Collection entries:
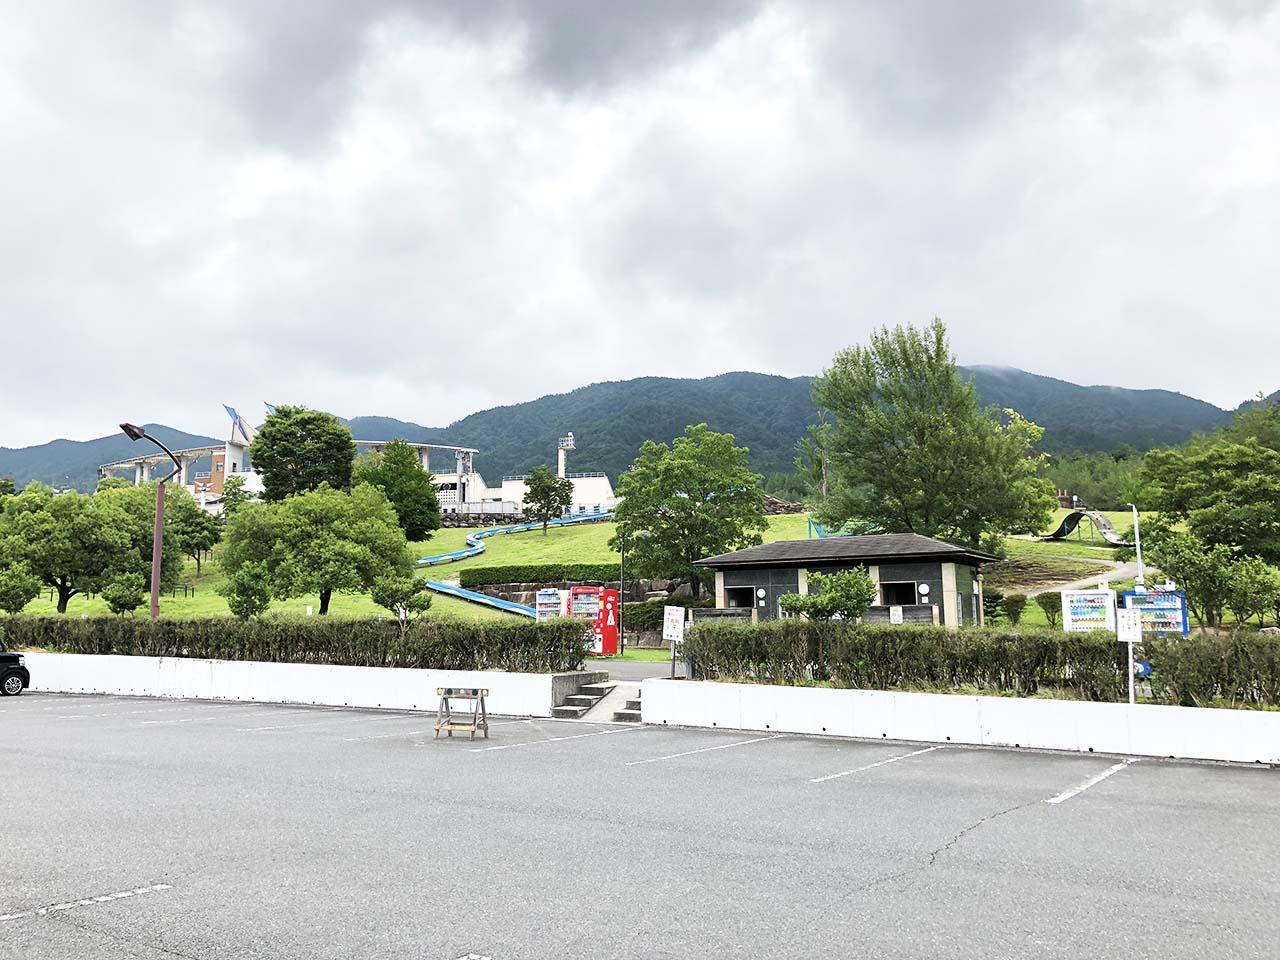 中津川公園の第2駐車場から遊具広場
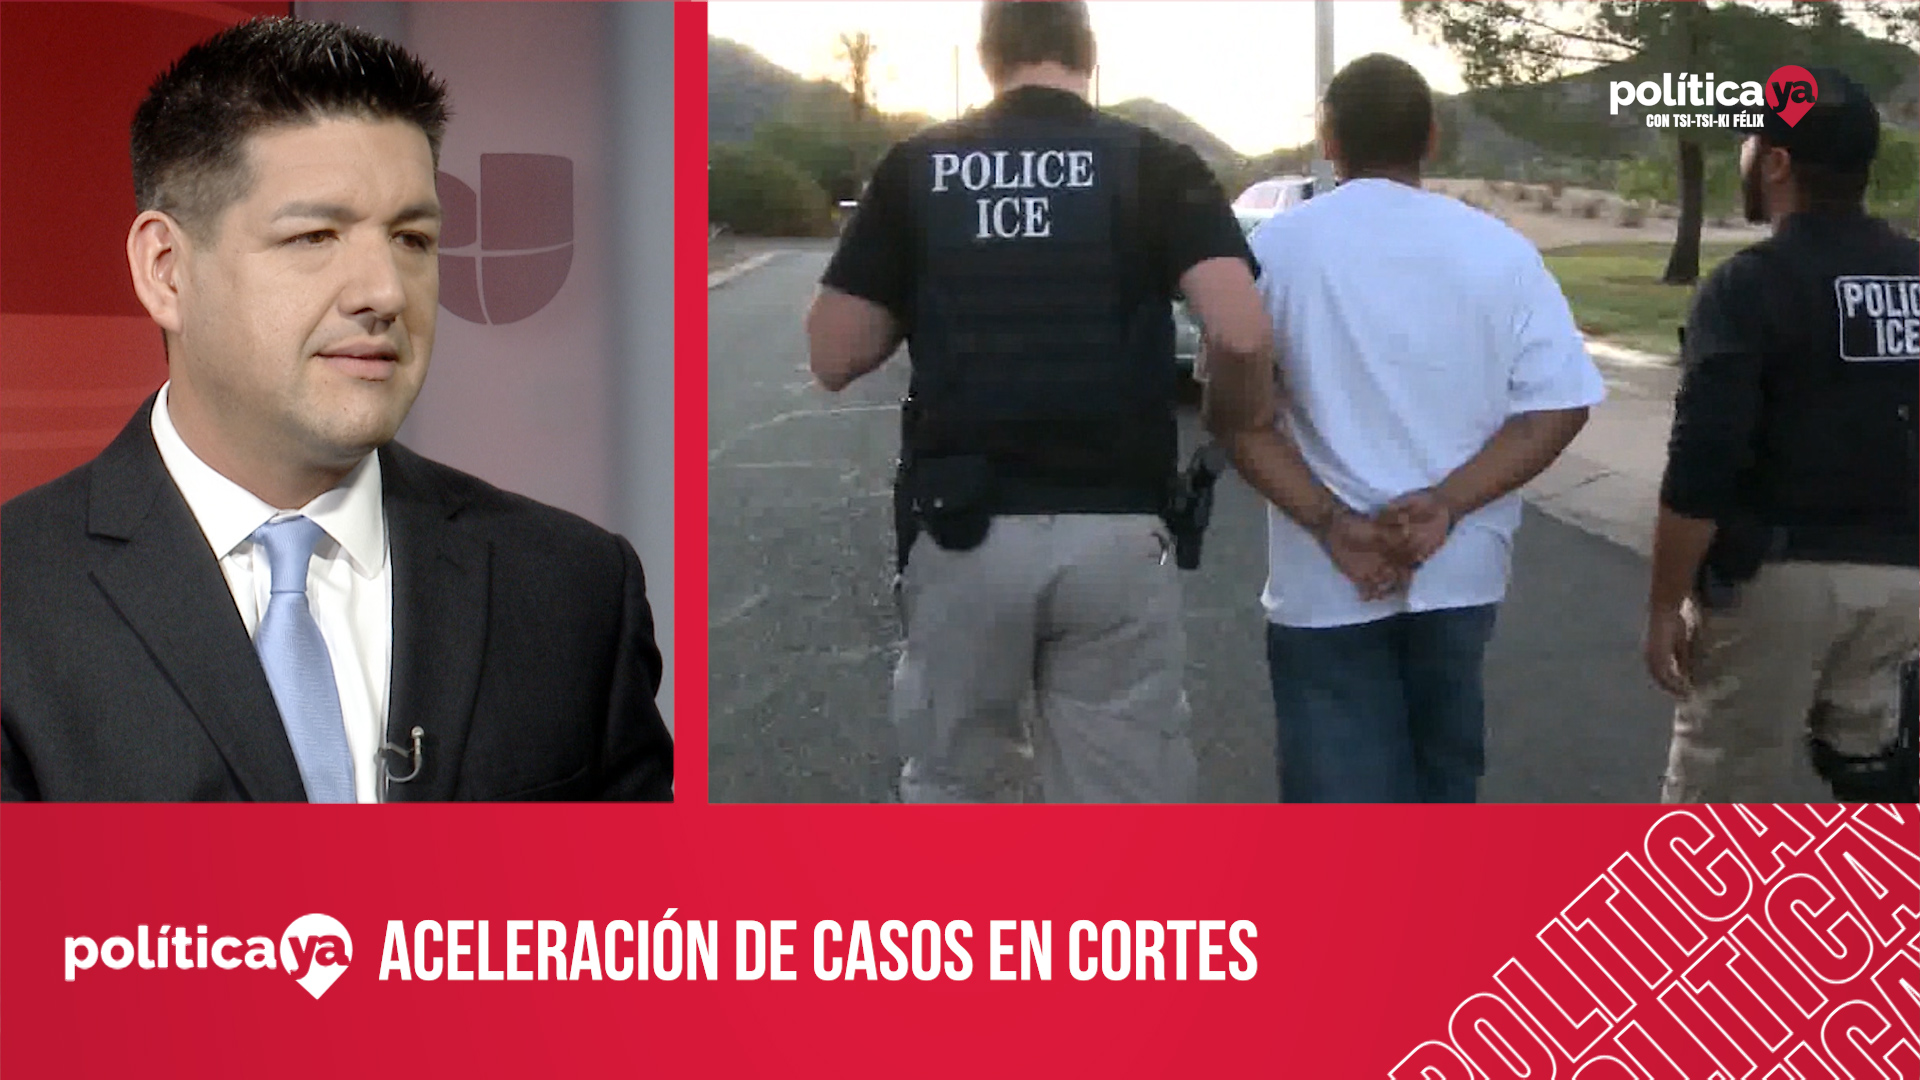 Beneficios o daños de la aceleración de casos en cortes de inmigración del país
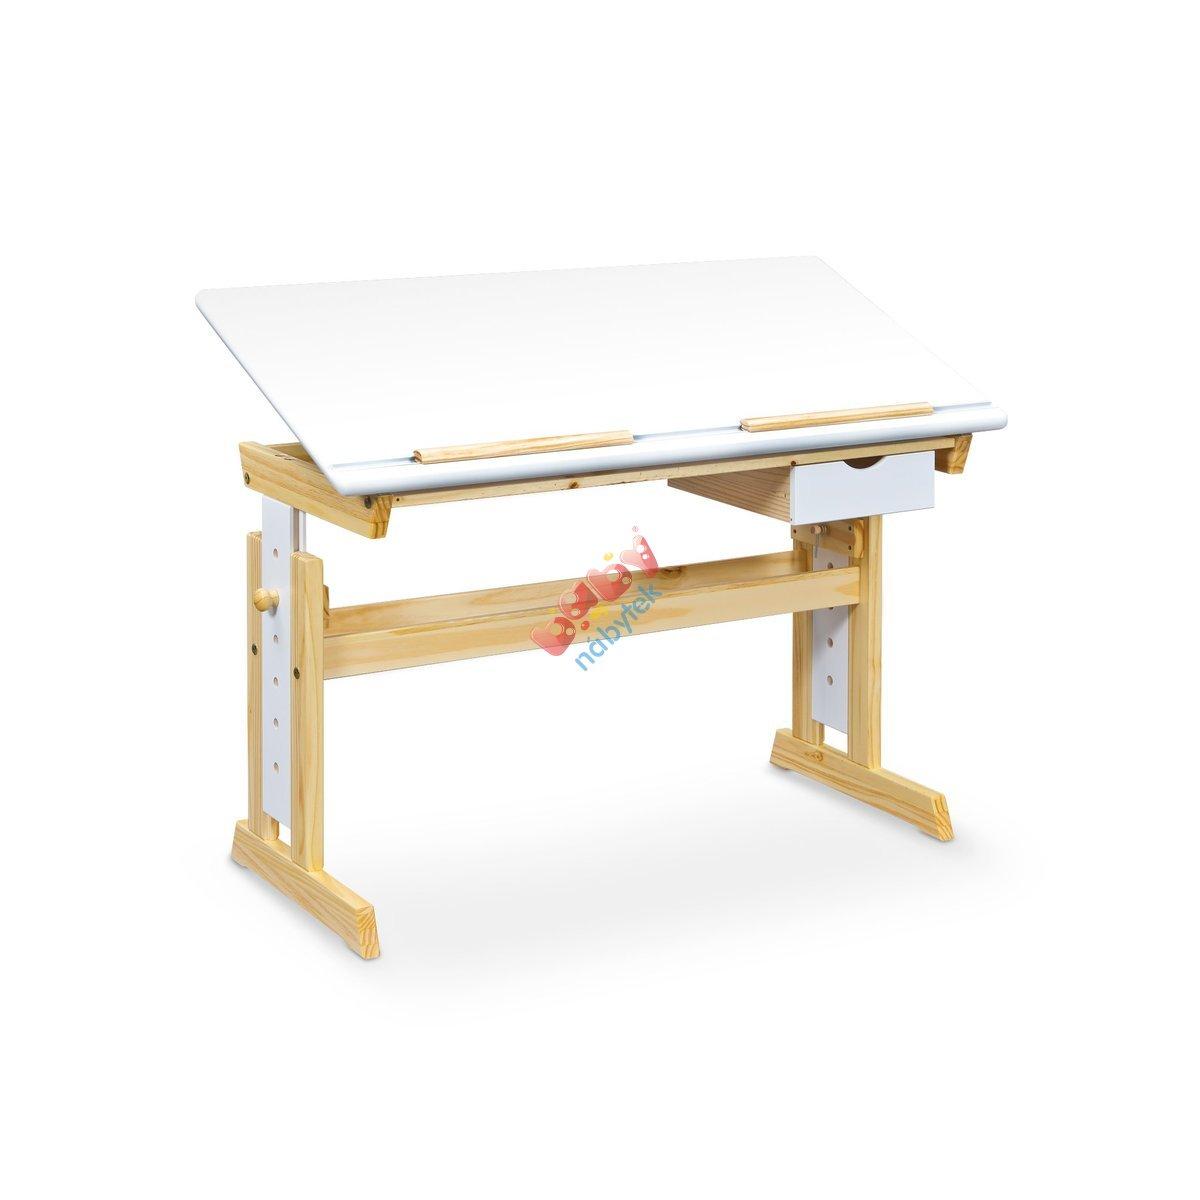 181248afc9993 Detský písací stôl Anas - Písacie stoly - babynabytek.sk
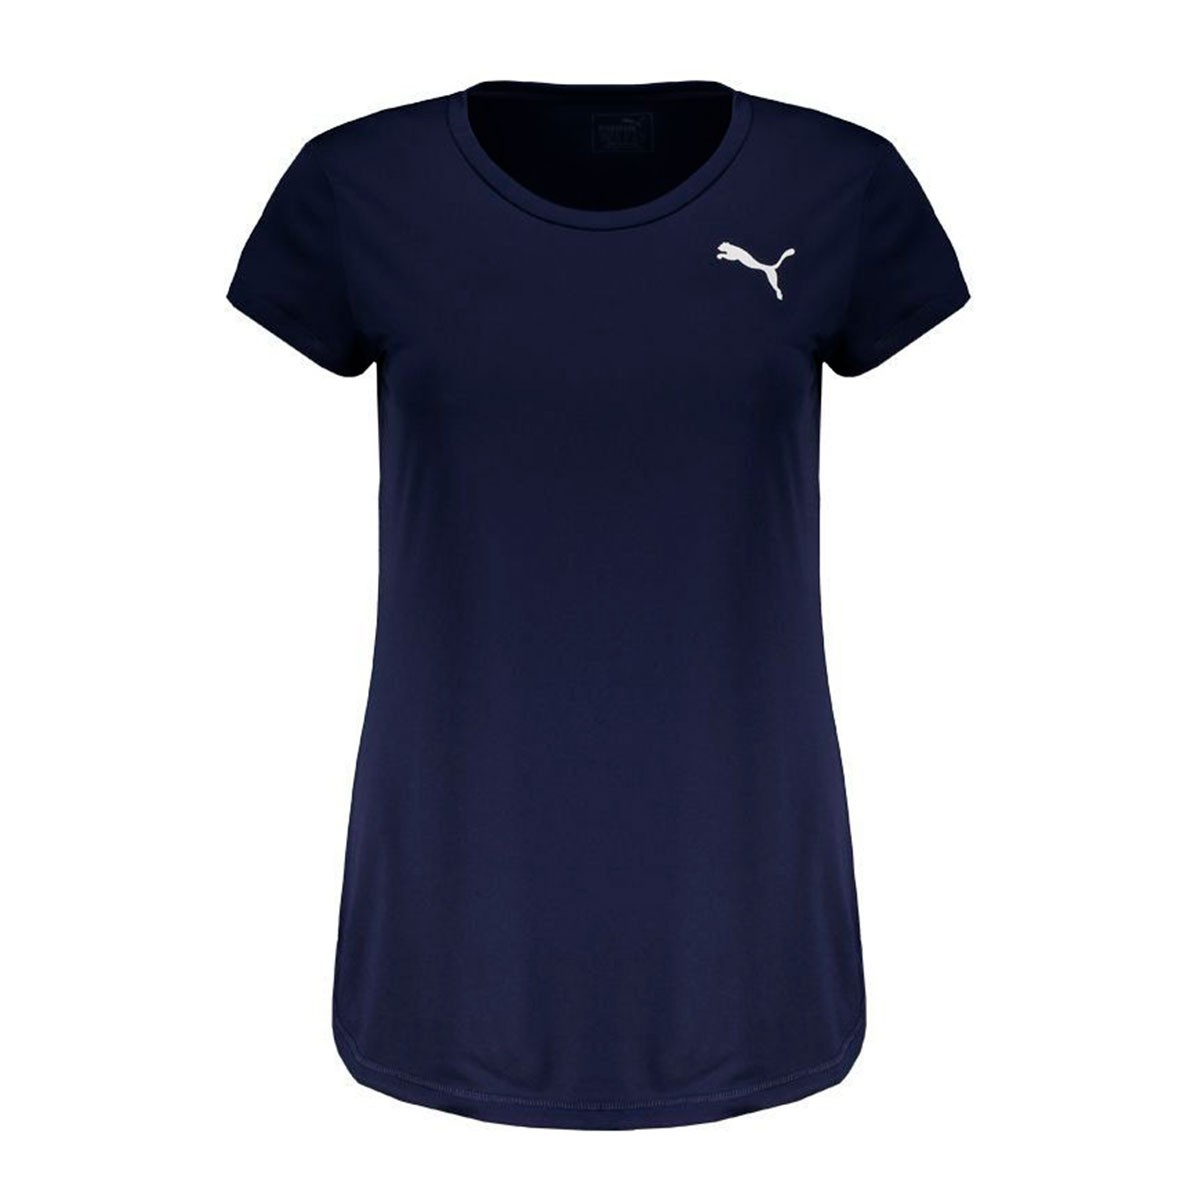 Camiseta Puma Active Feminina - Marinho
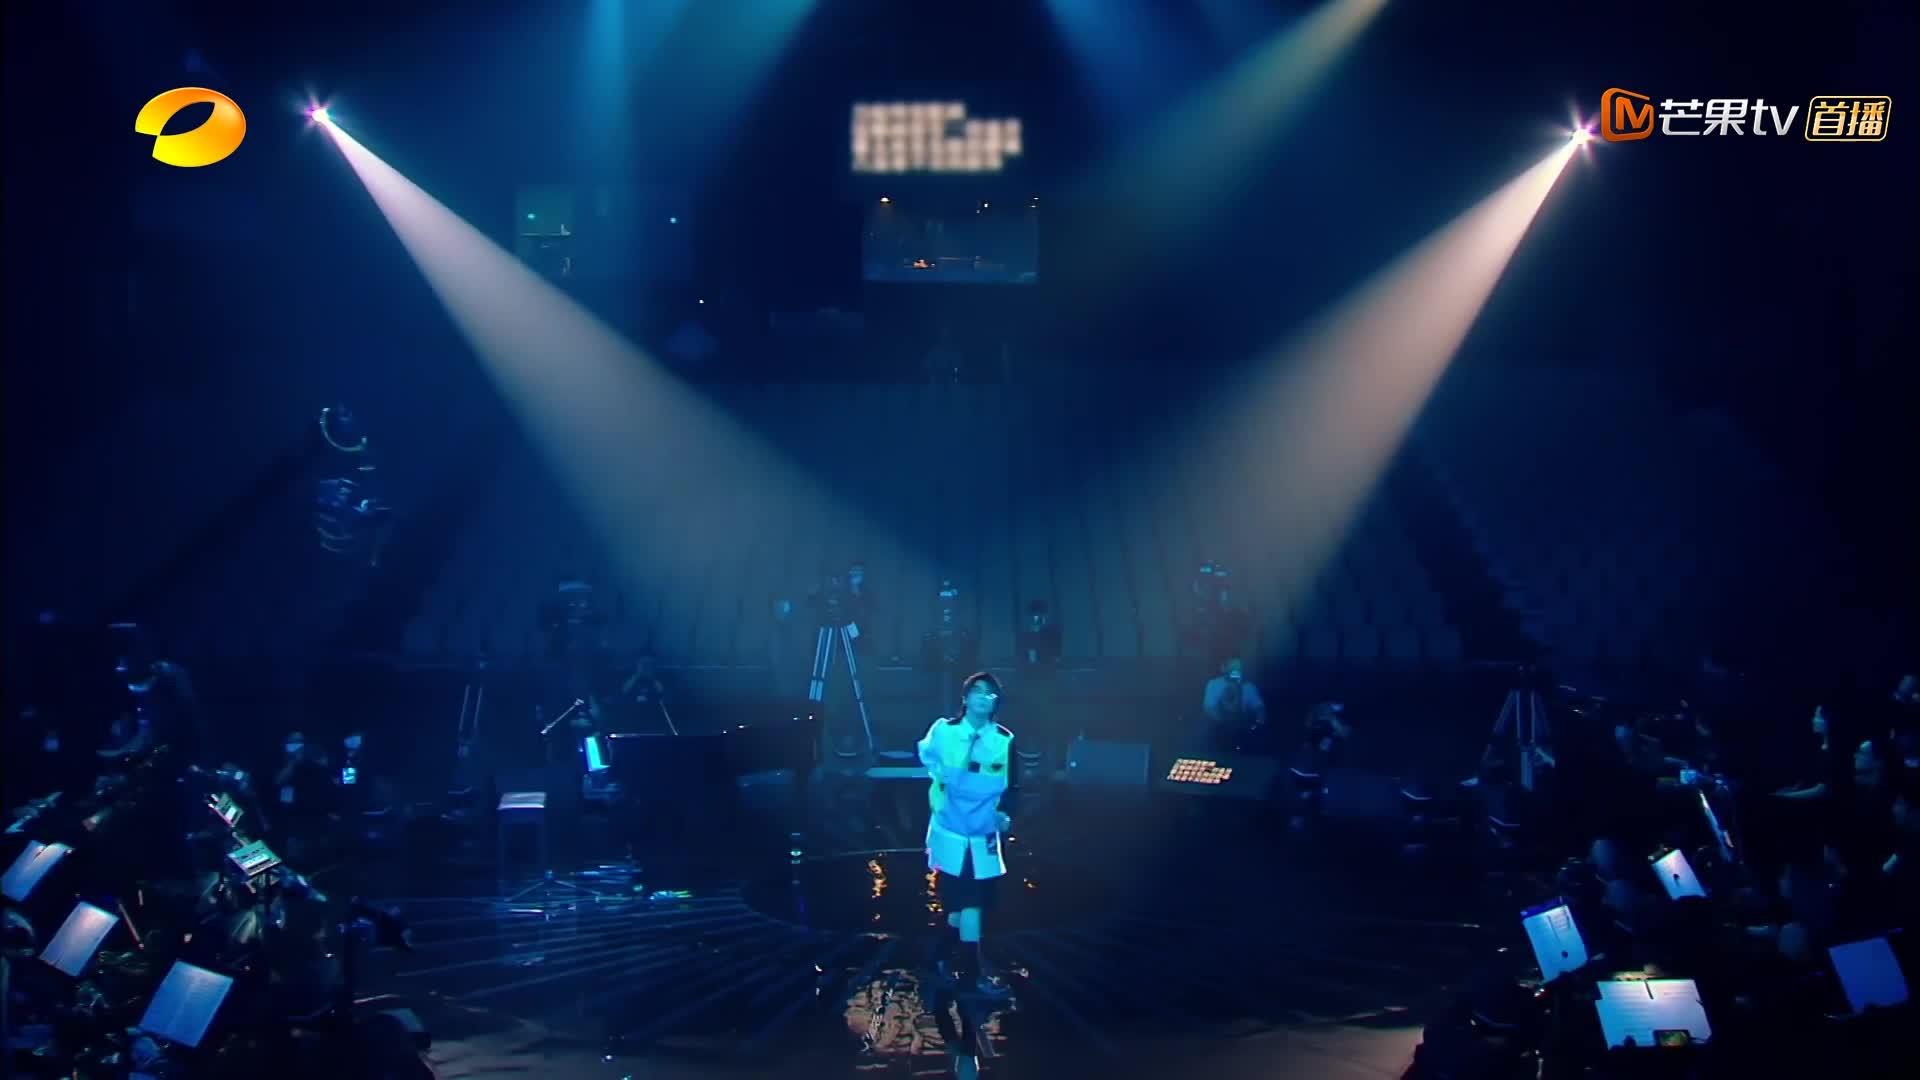 歌手:华晨宇的这段说唱真是精彩,这潇洒自如的台风,太有范!

[Task details]
Transcribe the records above exactly, omitting every picture they contain.

[Result of the task]
 中津川公園の第2駐車場から遊具広場
 Beneficios o daños de la aceleración de casos en cortes de inmigración del país
 181248afc9993 Detský písací stôl Anas - Písacie stoly - babynabytek.sk
 Camiseta Puma Active Feminina - Marinho
 歌手:华晨宇的这段说唱真是精彩,这潇洒自如的台风,太有范!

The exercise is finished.